I've seen speech recognition from input devices (obviously) and I've seen speech recognition from files (http://gotspeech.net/forums/thread/6835.aspx). However, I was wondering whether it would be possible to run speech recognition on system audio in real time. By system audio, the sound that comes out of your speakers.

It would be a great tool for those who are hard of hearing, as they are watching YouTube videos, the C# Application could transcribe what's being said.

How could I go about doing this?

Very easily - Go to the sound mixer, choose input and enable/unmute "Stereo Mix". You should, of course, mute the mic if you don't want to record that too. Then, just start recording the same way you'd record the mic - now you'll get the same feed as the speakers at digital quality.

This can be done programatically although it can be fiddly - especially if you want to support WinXP as well as Vista/Win7 (Sound was overhauled in Vista and I believe the APIs are significantly different although I haven't had to use them yet).
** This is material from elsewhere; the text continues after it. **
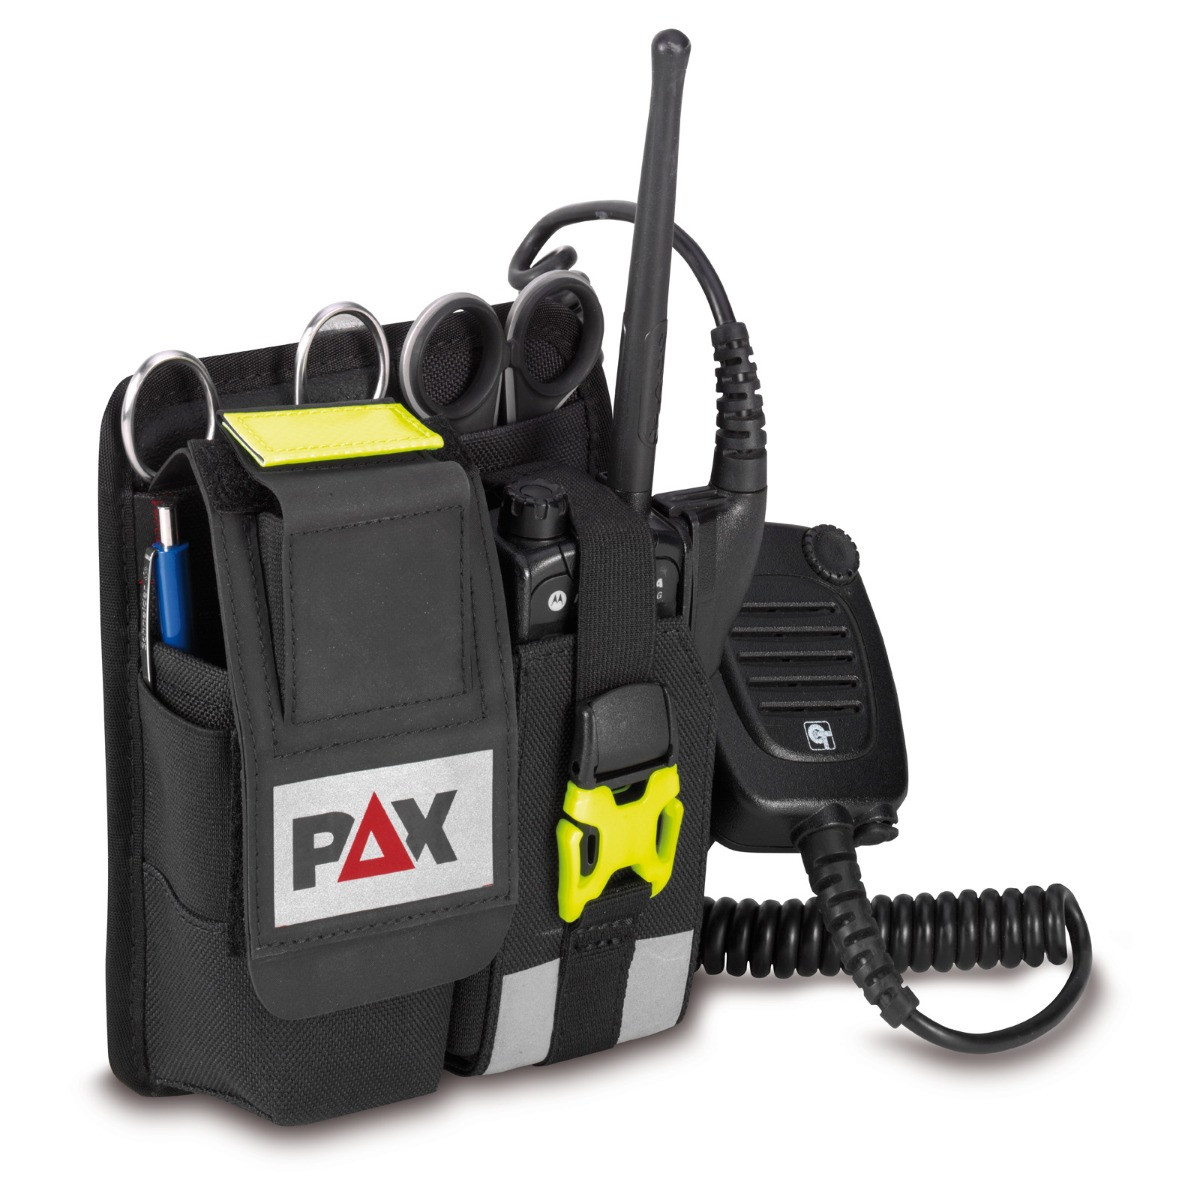 PAX Pro-Series Funkgeräteholster L

You're almost certainly going to need to filter the sound before attempting recognition. Unless the speech recog. library you're using is designed to work in adverse conditions, music and special effects will interfere with proper recognition as will multiple people speaking at the same time.

If you haven't got a super-robust library, filters to attenuate non-vocal frequencies are going to be a must. You may also need to apply volume normalisation to account for loud/quiet scenes - There are hundreds of filters that could potentially improve matching.
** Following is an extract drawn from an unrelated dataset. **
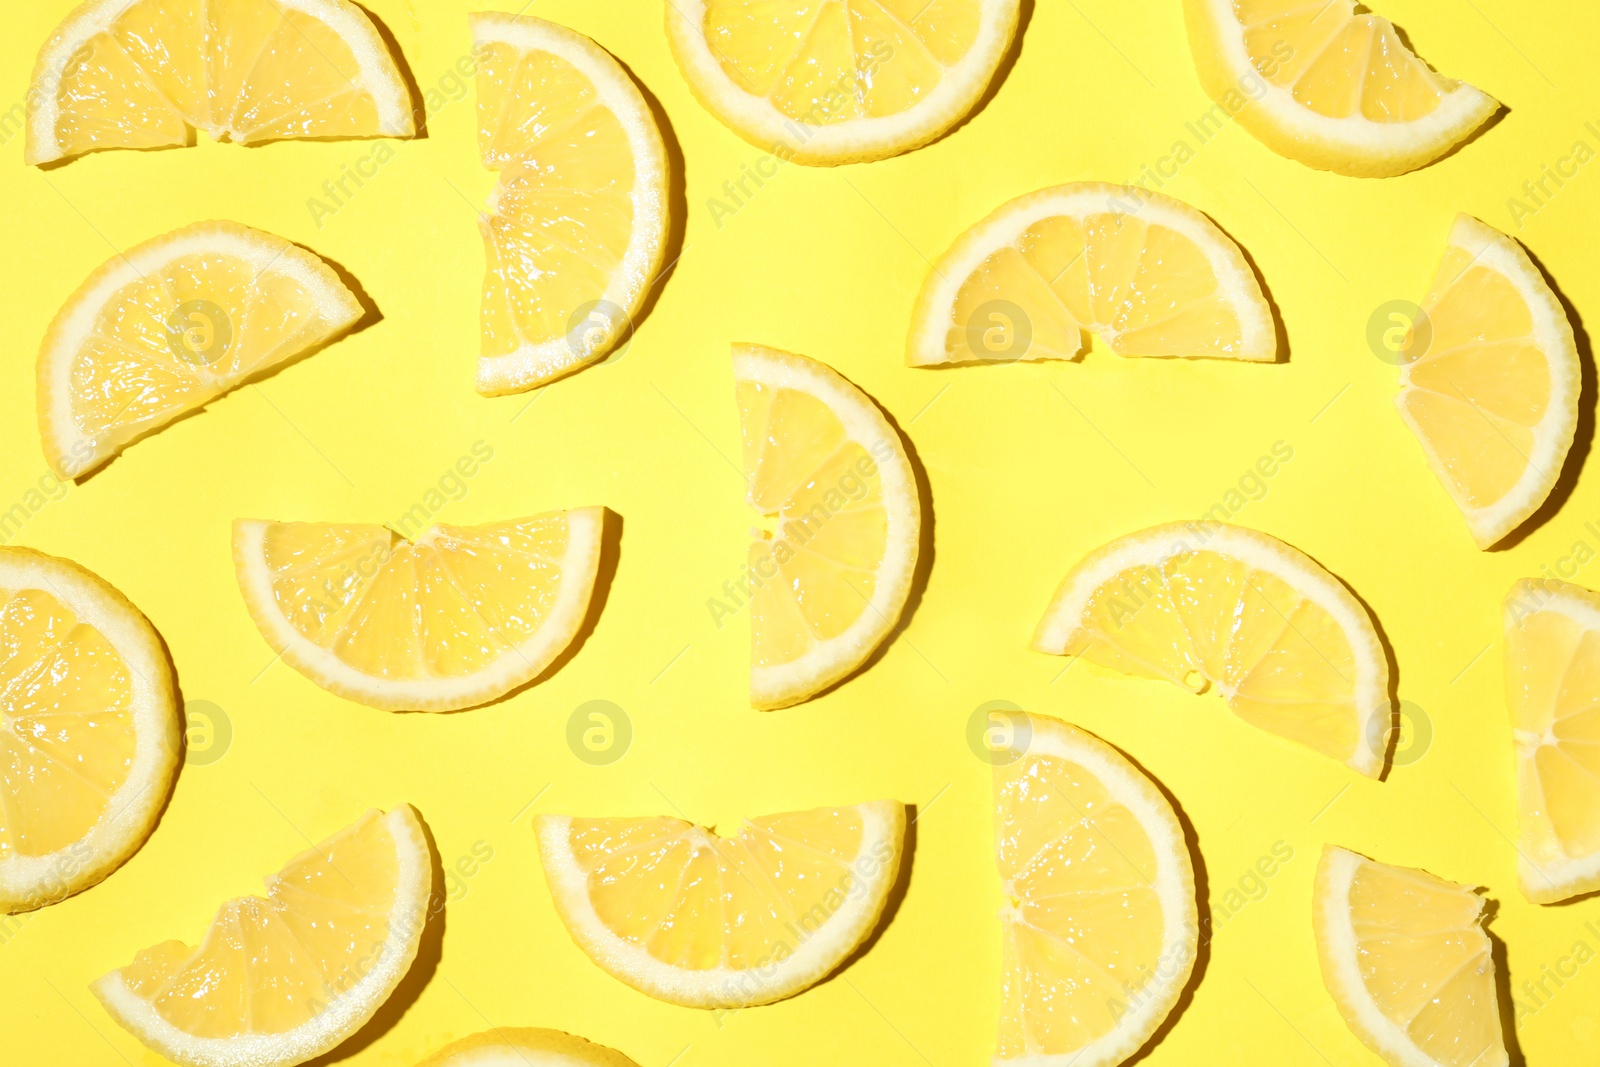 Photo of Juicy lemon slices on yellow background, flat lay

You may want to access the recognition API at the lowest level to get as much control as possible - You'll need to tweak it to cope with people shouting, breathless, crying, etc... If you start designing for flexible low-level access, it will probably save you weeks if you find you need it later on and have to re-architect.

I'd suggest you look into NAudio as a starting point for audio processing

I suspect you'll be able to get something which works under ideal conditions without too much effort - but tweaking it to work well in all eventualities may be a mammoth task. That said, it sounds like a fun project.

You could improve recognition chance considerably by creating genre-, user- or show-specific dictionaries. These could either be pre-generated, or built automatically using a weighted feedback loop - perhaps also allowing the user to correct mistakes.